Anyway, let’s not get ahead of ourselves…so Pascow dies and later
appears to Louis in a dream, guiding him outside into the woods and explicitly
telling him never to go beyond the
Pet Sematary and into the Micmac Burial Ground. Since Louis had no idea it
existed at this point and likely wouldn’t have known about it at all if Pascow
hadn’t told him about it, this scene kind of shoots itself in the foot. Bonus
points because Pascow comes off more like a character from a Return of the
Living Dead movie than anything actually scary. How are we supposed to take
this seriously?
It's like a Muppet version of Dawn of the Dead. Shaun of the Dead looked less silly. |
The next day is apparently Thanksgiving, so Rachel and the daughter,
Ellie, go to Rachel’s parents’ house by themselves. Why doesn’t Louis go with
them? Because apparently he doesn’t get along with her parents…sounds like a
shitty Thanksgiving, then. Instead he just gets a dead cat:
Jud, being a stand-up guy, decides to take him out to the old burial
ground where, apparently, dead things buried there can come back to life. They
bury the cat. Louis talks to Jud about it and it’s only NOW that Jud decides to
let Louis in on a little secret. Apparently as a kid, Jud buried his dead dog
at the burial ground, and it came back as a horrific blood-stained monster:
He got ketchup all over him! |
So let me get this straight.

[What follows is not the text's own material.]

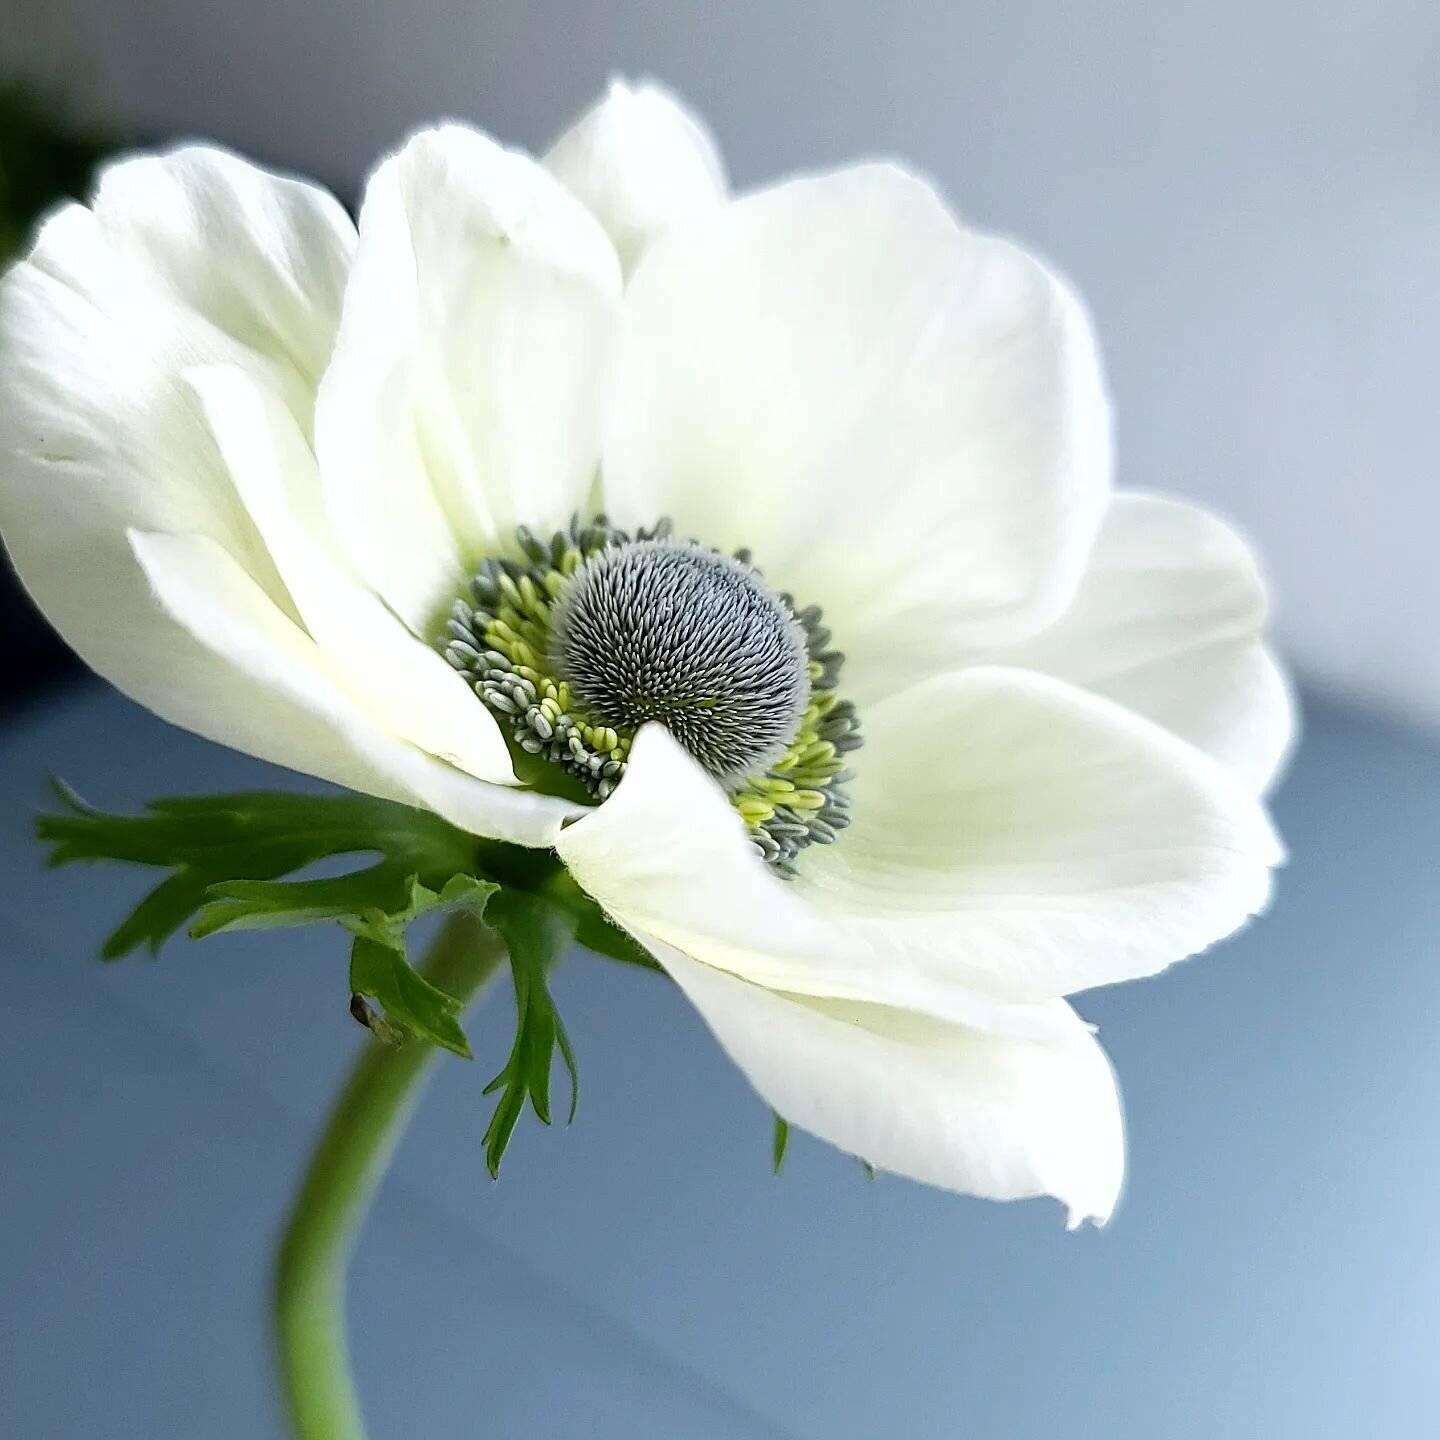 If TODAY&mdash; being the third-ish day of spring 2023 could be summed up in ONE bloom &ndash; it would all come down to this very #Anemone. 

I work with A LOT of really bangin blooms, but to be honest...not many of them strike me quite like literal

He knew this whole time what horrible
things that burial ground could do, didn’t tell Louis any of it, and still took
him up there anyway? What kind of sick sadist is this guy? I guess his
explanation is that he didn’t want the daughter, Ellie, to be without her cat,
but what kind of reasoning is that? He would rather her have a horrific
abomination of nature that would scare the living bejeesus out of her? I mean,
holy shit, how much less sense can you make?
Well, I guess if you count the fact that the daughter comes home and
doesn’t notice that the cat is now a horrific abomination of nature, Jud’s lies
and deceptions aren’t so bad. How can she not tell there’s something wrong? She
even says the cat smells bad! How does the mother not notice? It’s one thing
for the cat to stink a little after running around outside. But this is
supposed to be like, corpse rot of death.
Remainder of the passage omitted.